The Atlantic Technology exhibit at the Venetian featured the first 5.0-channel demo of the smaller H-PAS speaker. We hope to atone for this awful picture of of it with a quasi-review in our print mag. What depraved impulse moved us to go gallivanting off to Vegas when this product was sitting in our bedroom? H-PAS uses a variety of construction techniques to produce deep, true bass without resorting to a sub. While this demo was less than ideal, we could still hear an ideally proportioned rhythm section with precisely pitched bass guitar tones and good impact from the drums. Closing our eyes actually made it sound better: Once we were freed from the tyranny of visually reinforced preconceptions, our ears told us this was the good stuff. Incidentally, the speaker will be sold in single units, so if you want five or seven of them, no sweat.
As reported by our colleague
Darryl Wilkinson, the Klipsch press conference mentioned the G-17 Air compact system, whose drivers and flat enclosure hail from the new Gallery line, and the ginormous one-piece Console, the latter to be produced in Klipsch's hometown of Hope, Arkansas. But the latter was not shown at the time, so here it is. Interesting, the bleeding-edge Palladium and other higher-end Klipsch lines are moving their manufacturing from China back to Arkansas due to higher costs in the former. This isn't a knock against the Chinese but we can't help feeling pleased that more Klipsch speakers are going to be made in America.
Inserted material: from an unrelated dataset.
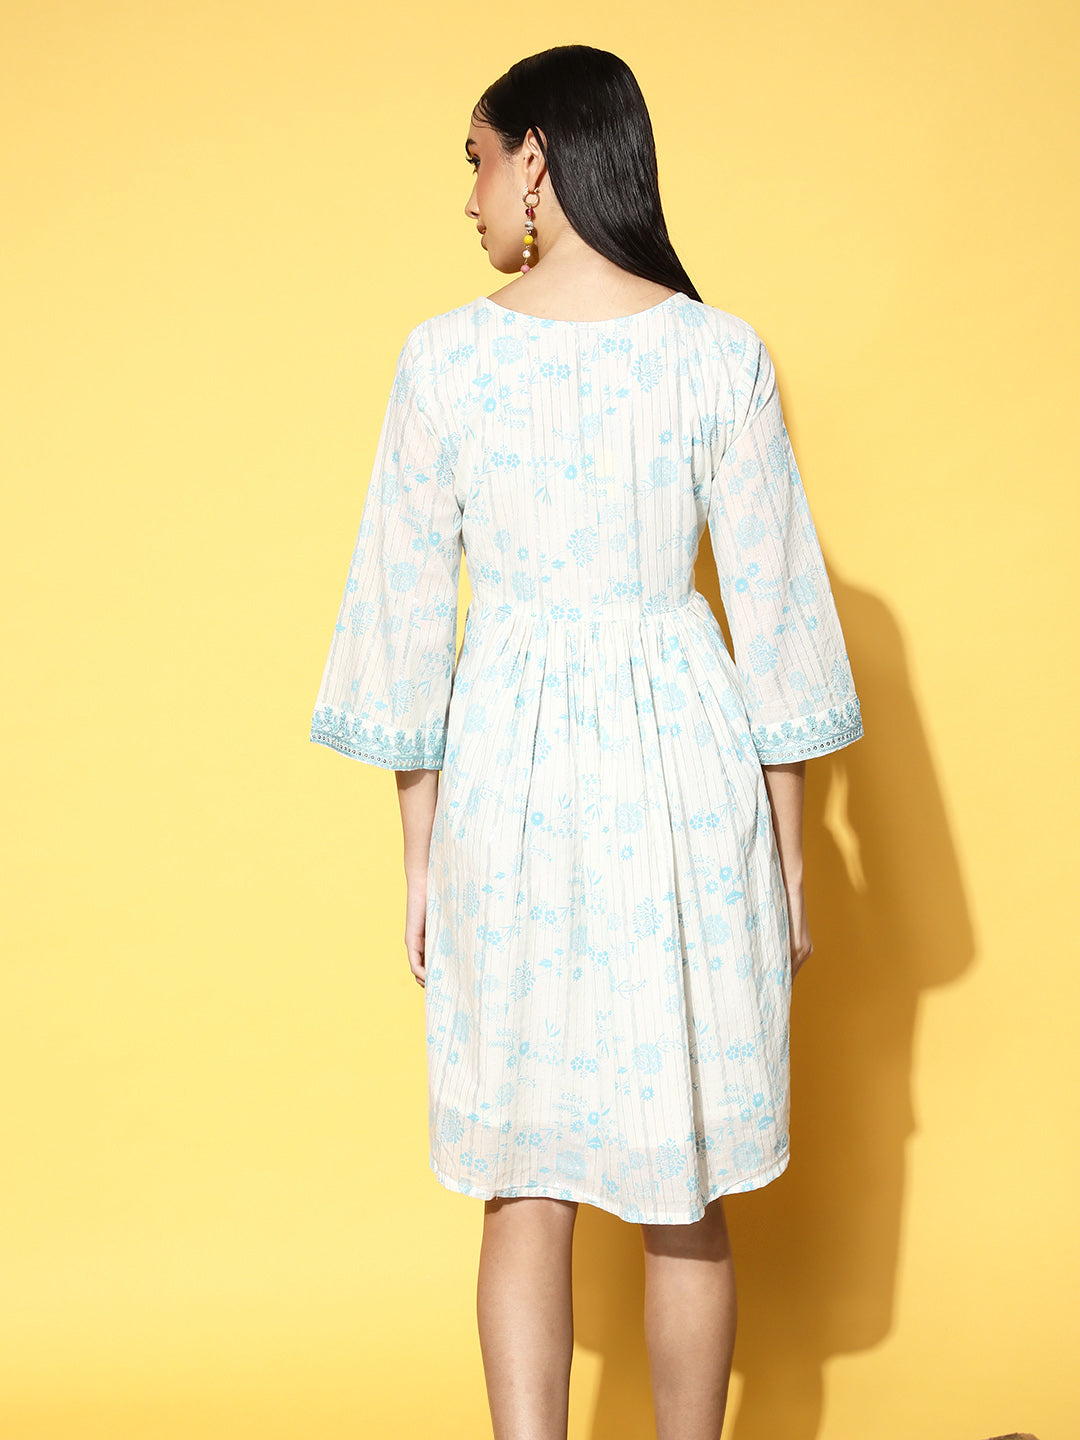 Ishin Women's White & Blue Embellished A-Line Dress

Not much has emerged from the Denmark-born Jamo speaker brand since its acquisition by the Klipsch Group, now itself acquired by Audiovox. But that's changing with a bevy of new Jamo products including the MS25 satellite speaker shown here. What a civilian might identify as a tweeter firing into a spoon is actually Jamo's implementation of OmniPolar technology acquired along with Mirage. This new design was reshaped by authentic Danish designers. There will be no new products labeled Mirage, bringing an end to the historic Canadian speaker brand. The product development guy who briefed us punctuated his presentation by saying "Mirage is a brand, OmniPolar is a technology"—a technology living on under another banner.
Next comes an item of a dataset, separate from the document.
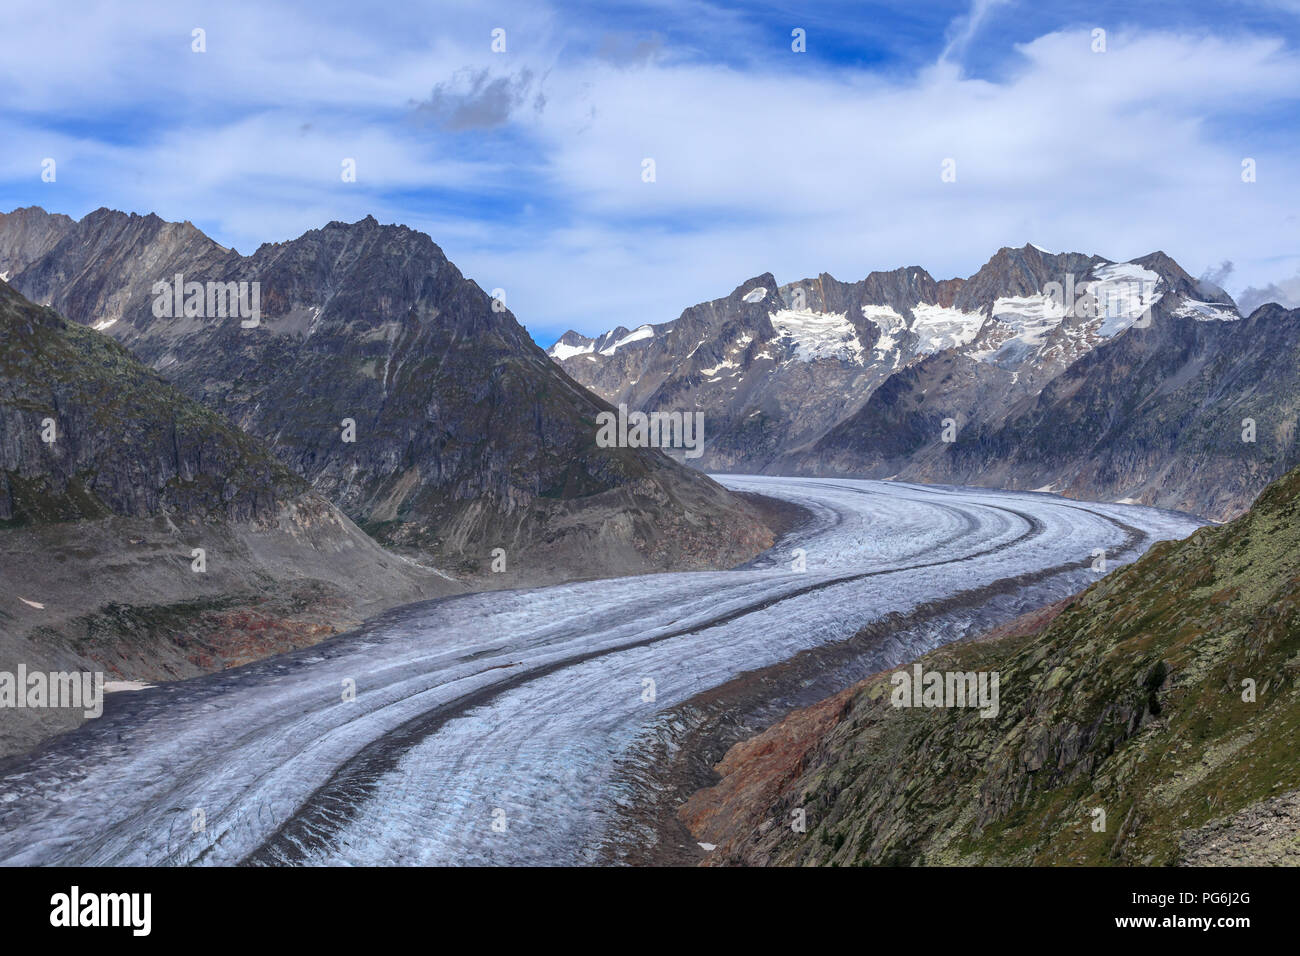 View od the Aletsch glacier in Switzerland Stock Photo

This is Mishka the talking dog saying "I love you" on YouTube. No kidding. If it's on the internet, you know it must be true. This was actually a demo of InstaPrevue, a feature being built into Onkyo's network-enabled a/v receivers. The cool part, aside from the talking dog, is that you can view picture insets showing the content of source components as opposed to prosaic text labels like HDMI1, HDMI2, or that classic of the genre, HDMI3. The talking dog (have we mentioned the talking dog?) was being streamed from an iPhone via MHL, or Mobile High-definition Link, another new Onkyo receiver feature. Onkyo was also talking up cloud storage capability for receivers via its partnership with MP3tunes. The first two gigabytes are free.
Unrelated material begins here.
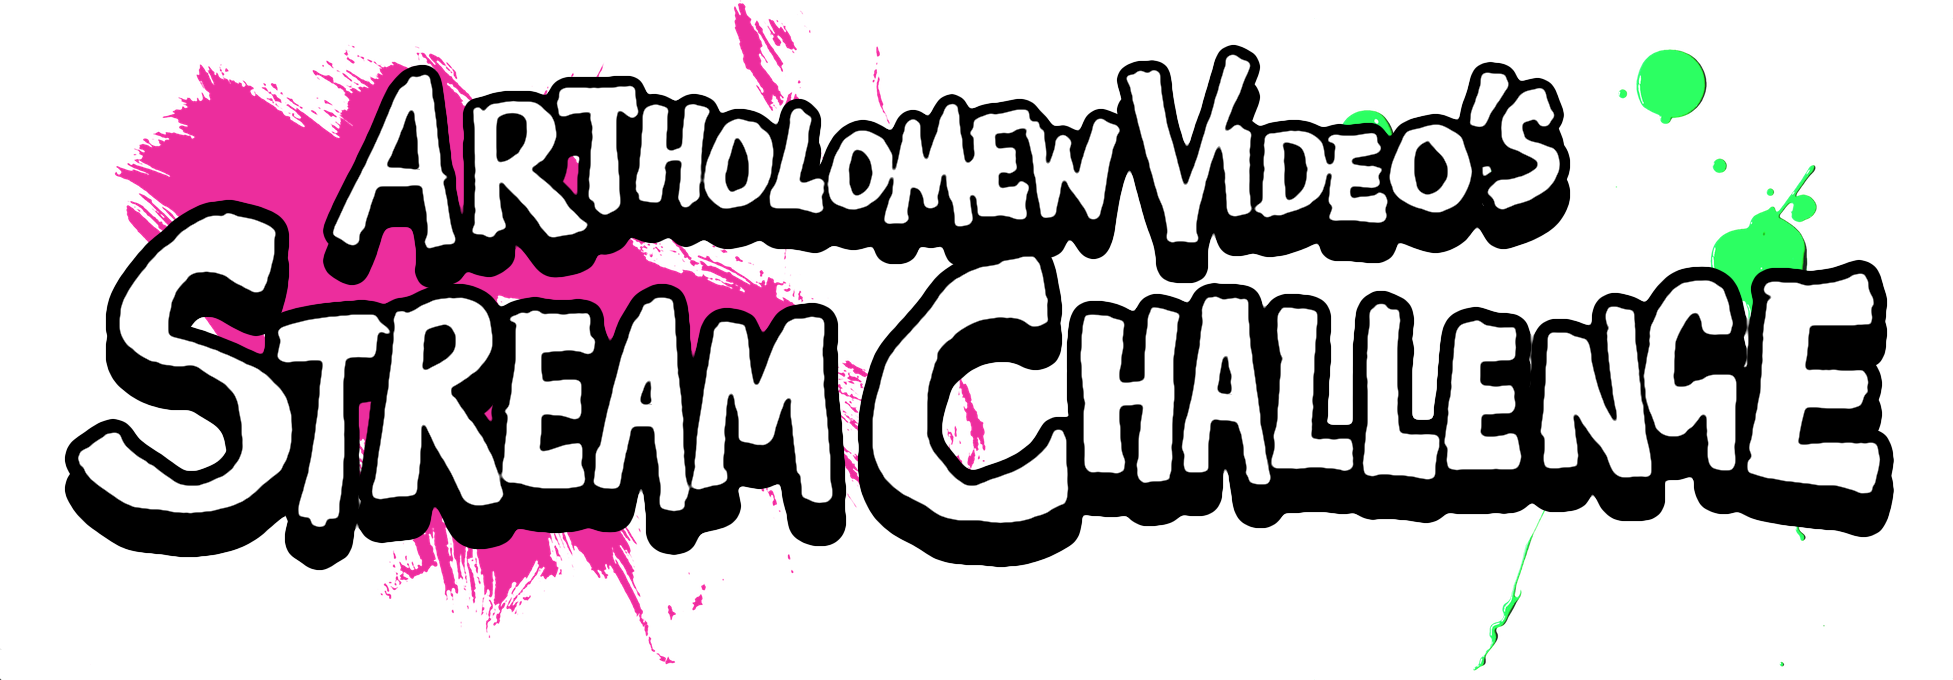 Artholomew Video's Stream Challenge

The first development project to follow the death of the late, great Jim Thiel is the CS1.7, which will replace the decade-old CS1.6 as the company's entry-level floorstanding speaker. Its aluminum drivers include a one-inch tweeter and a 6.5-inch woofer with the familiar vibration-controlling star diaphragm. A CS7.3 flagship tower will follow eventually. Given Thiel's traditionally long and pensive development philosophy, it's anyone's guess when the larger speaker will arrive, but the smaller one is very tentatively slated for the first quarter of this year at around $5000-5500.